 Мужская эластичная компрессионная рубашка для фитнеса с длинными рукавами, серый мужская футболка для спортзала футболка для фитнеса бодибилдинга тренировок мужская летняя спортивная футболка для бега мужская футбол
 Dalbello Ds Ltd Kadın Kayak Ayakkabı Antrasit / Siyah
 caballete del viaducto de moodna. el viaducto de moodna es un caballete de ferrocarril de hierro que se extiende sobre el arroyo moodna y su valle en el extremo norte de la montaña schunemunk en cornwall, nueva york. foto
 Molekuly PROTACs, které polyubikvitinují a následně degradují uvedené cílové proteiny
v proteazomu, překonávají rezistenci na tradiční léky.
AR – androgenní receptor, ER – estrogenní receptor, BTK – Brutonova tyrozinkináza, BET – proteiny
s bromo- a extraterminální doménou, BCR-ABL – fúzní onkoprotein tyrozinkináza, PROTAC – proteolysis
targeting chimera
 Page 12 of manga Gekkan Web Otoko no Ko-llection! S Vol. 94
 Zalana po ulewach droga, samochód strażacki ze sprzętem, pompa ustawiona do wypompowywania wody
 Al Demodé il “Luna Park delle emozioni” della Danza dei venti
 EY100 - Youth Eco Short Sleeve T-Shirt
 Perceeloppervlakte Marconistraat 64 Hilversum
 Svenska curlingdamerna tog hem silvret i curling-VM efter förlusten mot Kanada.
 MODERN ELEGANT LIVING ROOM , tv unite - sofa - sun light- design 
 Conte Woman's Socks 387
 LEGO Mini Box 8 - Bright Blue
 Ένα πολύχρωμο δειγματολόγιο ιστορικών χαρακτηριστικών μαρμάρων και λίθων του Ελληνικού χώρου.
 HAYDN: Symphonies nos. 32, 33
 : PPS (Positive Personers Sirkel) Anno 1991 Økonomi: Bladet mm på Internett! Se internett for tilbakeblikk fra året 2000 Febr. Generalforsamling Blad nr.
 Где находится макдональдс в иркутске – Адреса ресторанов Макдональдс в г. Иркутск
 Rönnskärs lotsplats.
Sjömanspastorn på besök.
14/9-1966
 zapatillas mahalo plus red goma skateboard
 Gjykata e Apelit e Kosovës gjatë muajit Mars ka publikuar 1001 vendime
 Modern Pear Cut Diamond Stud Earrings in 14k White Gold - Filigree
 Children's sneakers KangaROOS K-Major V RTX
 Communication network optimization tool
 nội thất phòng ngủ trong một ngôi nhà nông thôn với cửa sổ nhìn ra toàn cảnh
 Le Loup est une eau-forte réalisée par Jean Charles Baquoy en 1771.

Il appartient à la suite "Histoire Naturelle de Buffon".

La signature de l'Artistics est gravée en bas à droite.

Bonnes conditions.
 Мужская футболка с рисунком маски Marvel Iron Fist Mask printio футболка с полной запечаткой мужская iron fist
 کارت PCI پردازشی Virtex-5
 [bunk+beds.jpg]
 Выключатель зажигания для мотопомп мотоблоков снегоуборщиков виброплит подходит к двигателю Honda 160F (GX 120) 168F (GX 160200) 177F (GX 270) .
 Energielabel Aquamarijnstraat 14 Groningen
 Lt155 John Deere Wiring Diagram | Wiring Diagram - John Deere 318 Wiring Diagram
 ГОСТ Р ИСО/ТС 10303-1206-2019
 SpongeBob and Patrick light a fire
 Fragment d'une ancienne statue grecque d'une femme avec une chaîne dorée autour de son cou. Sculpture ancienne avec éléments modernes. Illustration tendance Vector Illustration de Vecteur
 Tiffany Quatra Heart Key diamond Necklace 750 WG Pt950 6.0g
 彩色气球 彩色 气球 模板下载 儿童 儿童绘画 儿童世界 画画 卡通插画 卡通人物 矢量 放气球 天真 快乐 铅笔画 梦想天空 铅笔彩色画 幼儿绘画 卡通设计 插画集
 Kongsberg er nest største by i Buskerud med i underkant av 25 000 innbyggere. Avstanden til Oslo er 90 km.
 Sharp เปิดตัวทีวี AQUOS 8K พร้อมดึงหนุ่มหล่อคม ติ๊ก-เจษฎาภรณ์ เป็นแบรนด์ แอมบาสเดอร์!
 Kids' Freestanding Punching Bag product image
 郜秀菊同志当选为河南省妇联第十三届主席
---+---
Exercise:
Give again, unchanged, the lines running from the top of the material above through the line that has "Dalbello Ds Ltd", and nothing more.

Solved problem:
 Мужская эластичная компрессионная рубашка для фитнеса с длинными рукавами, серый мужская футболка для спортзала футболка для фитнеса бодибилдинга тренировок мужская летняя спортивная футболка для бега мужская футбол
 Dalbello Ds Ltd Kadın Kayak Ayakkabı Antrasit / Siyah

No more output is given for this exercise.